▶ _Recorded data_:
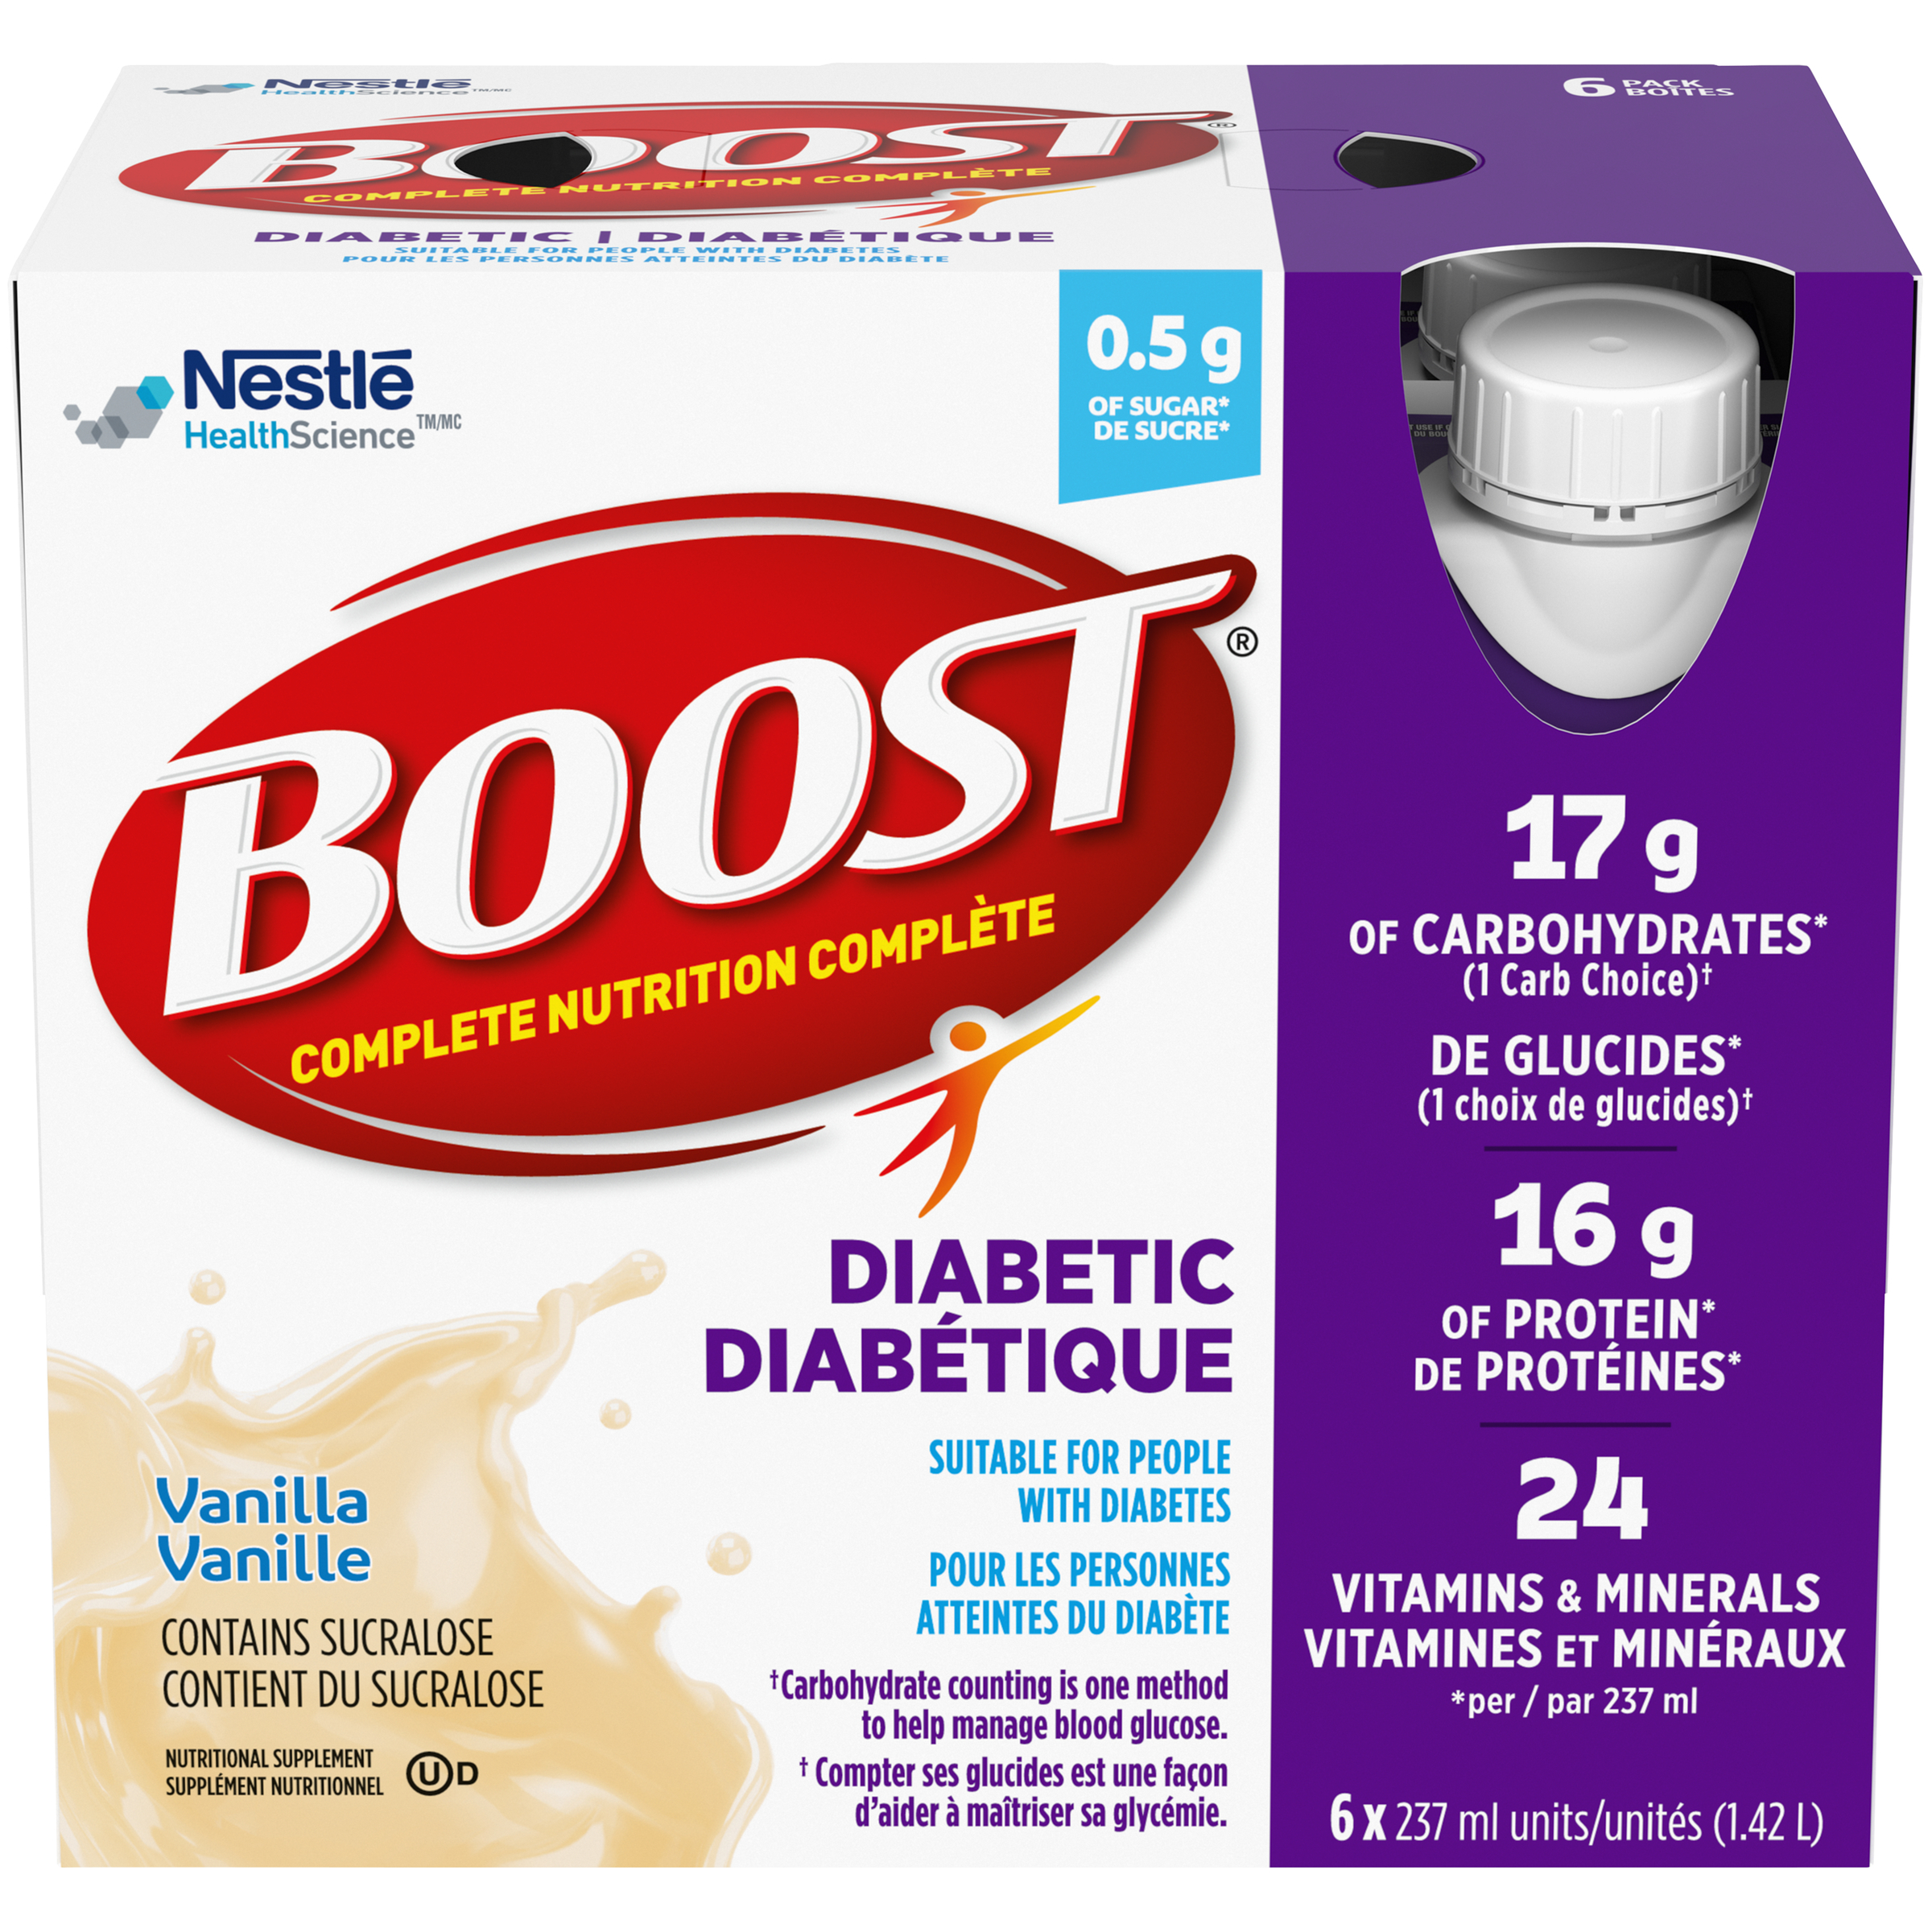 Diabetic Nutritional Supplement – Vanilla
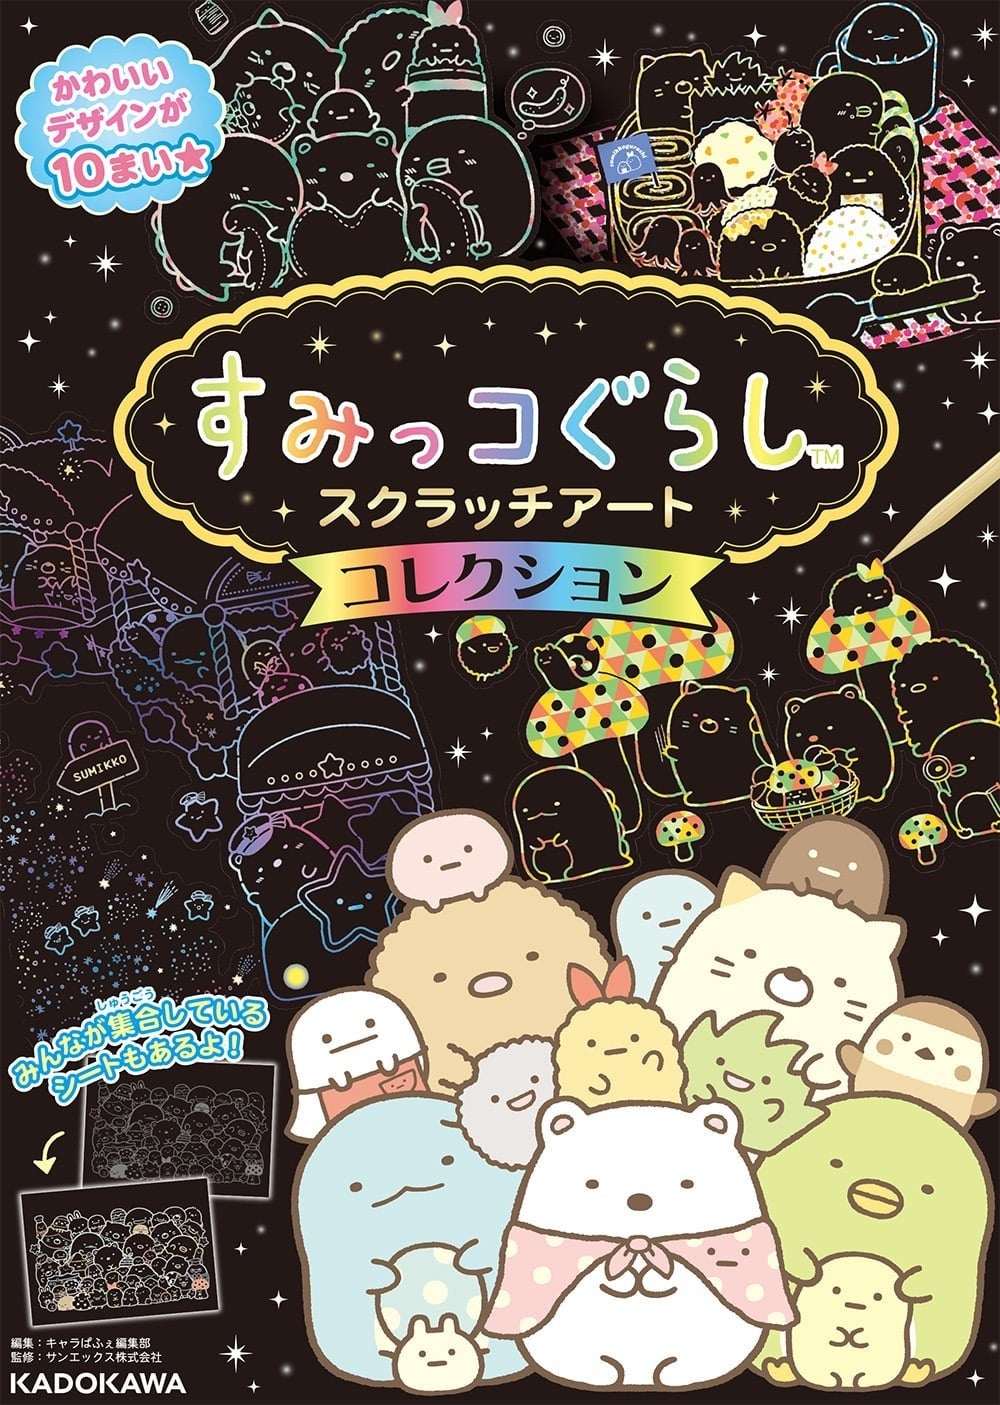 「すみっコぐらし」10周年を記念したプレゼントキャンペーンがスタート‼ KADOKAWA発売の「すみっコぐらし」作品を書店で買って、特別なグッズに応募しよう！
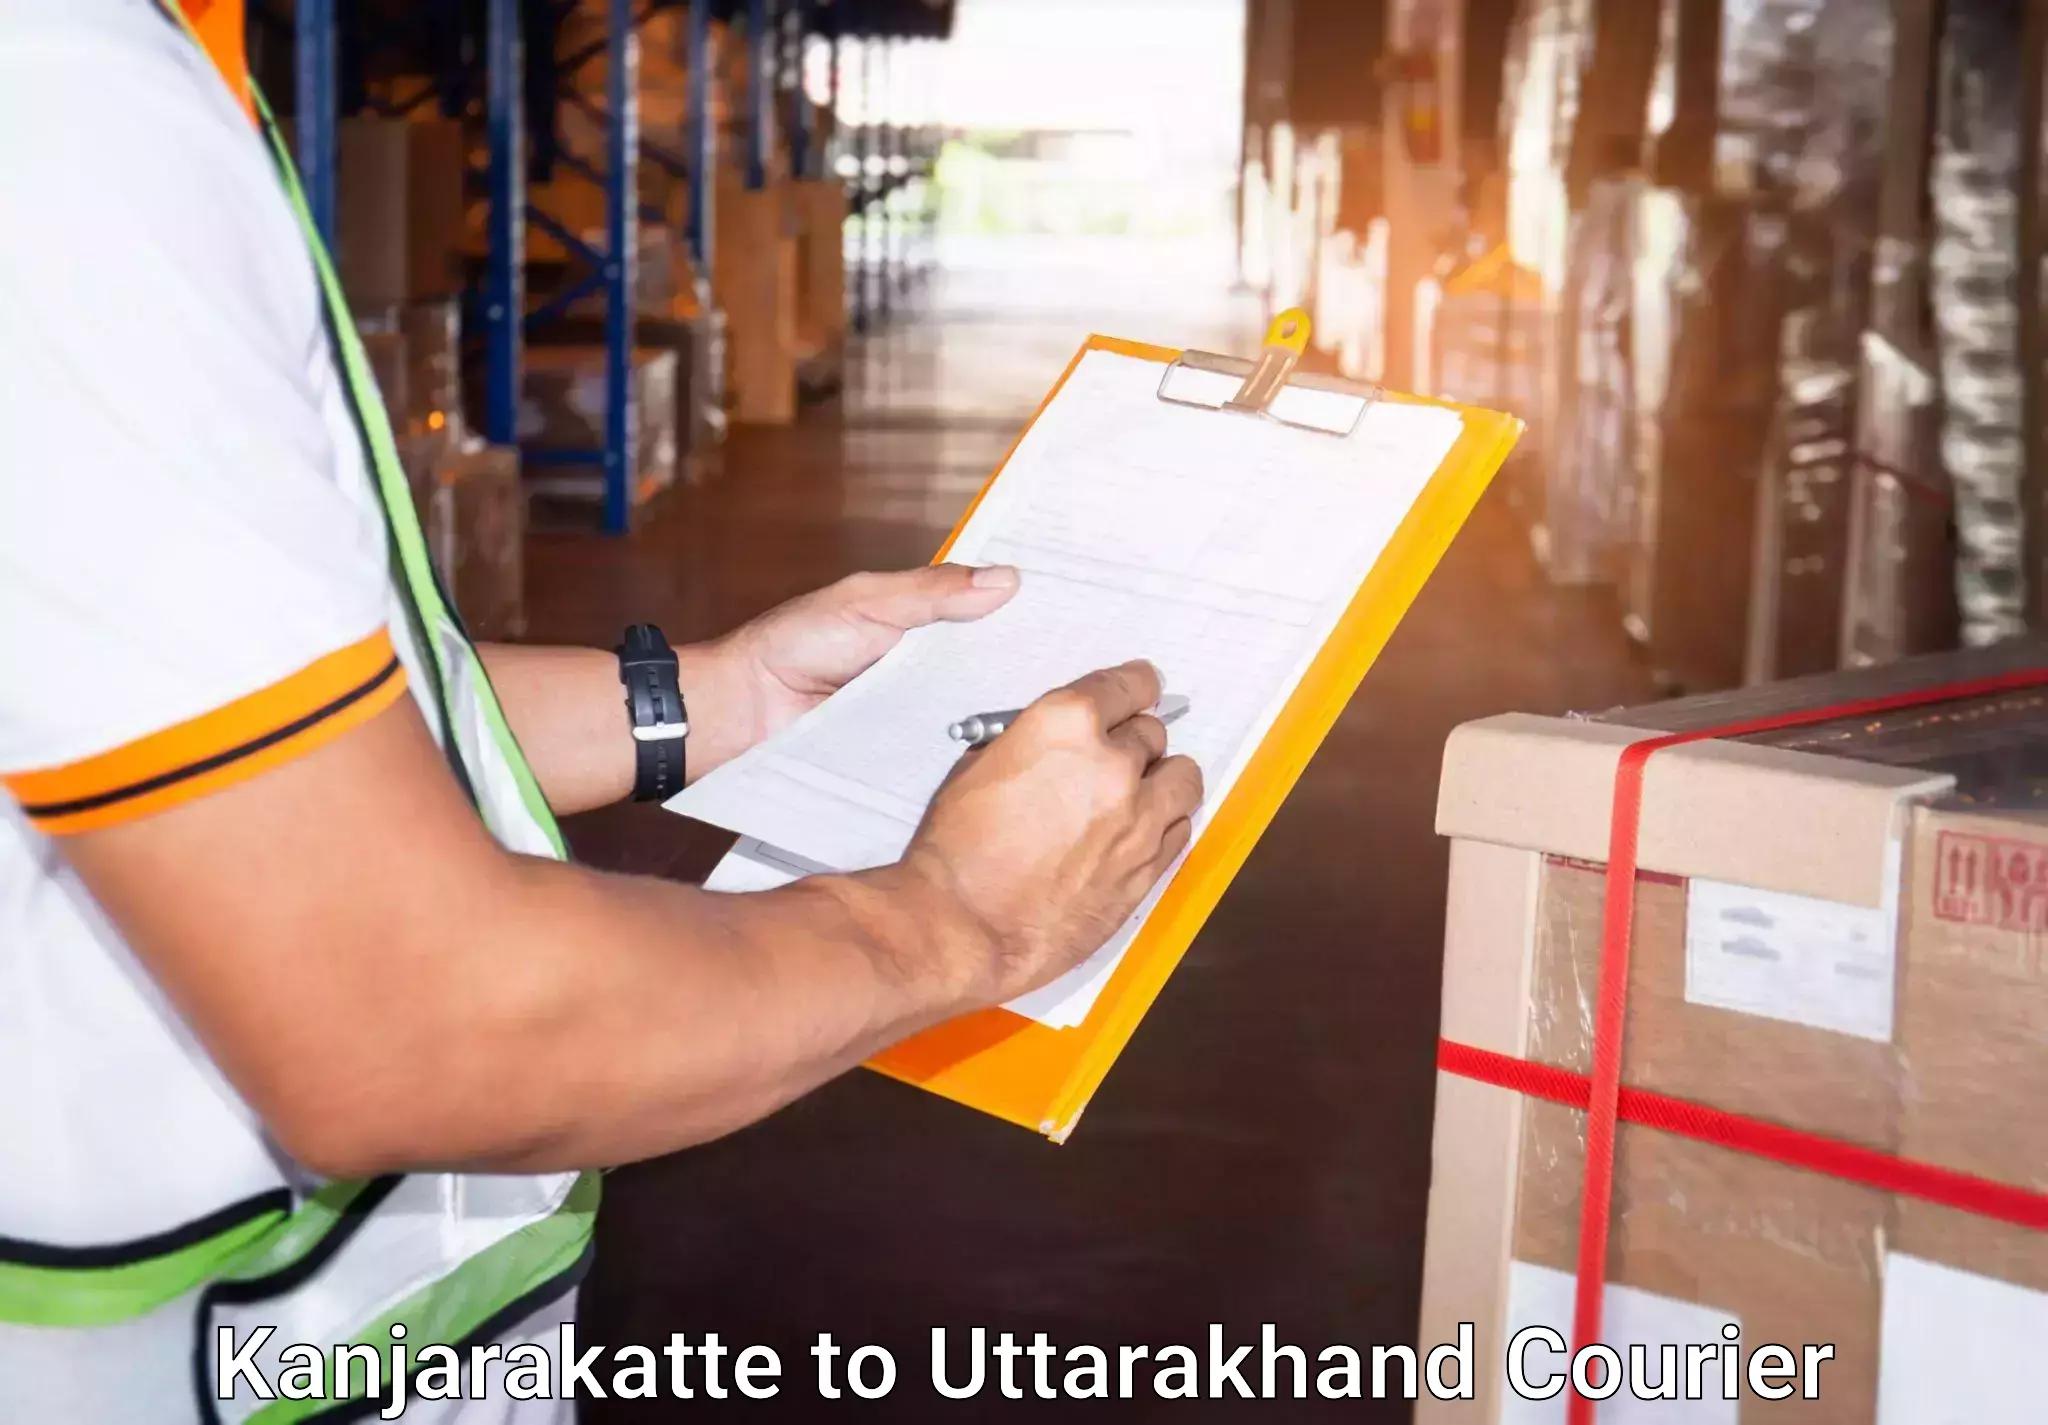 Baggage delivery optimization Kanjarakatte to Rishikesh

▶ _Prompt_: From the data above, write out everything exactly except the pictures.

▶ _Task output_:
 Diabetic Nutritional Supplement – Vanilla
 「すみっコぐらし」10周年を記念したプレゼントキャンペーンがスタート‼ KADOKAWA発売の「すみっコぐらし」作品を書店で買って、特別なグッズに応募しよう！
 Baggage delivery optimization Kanjarakatte to Rishikesh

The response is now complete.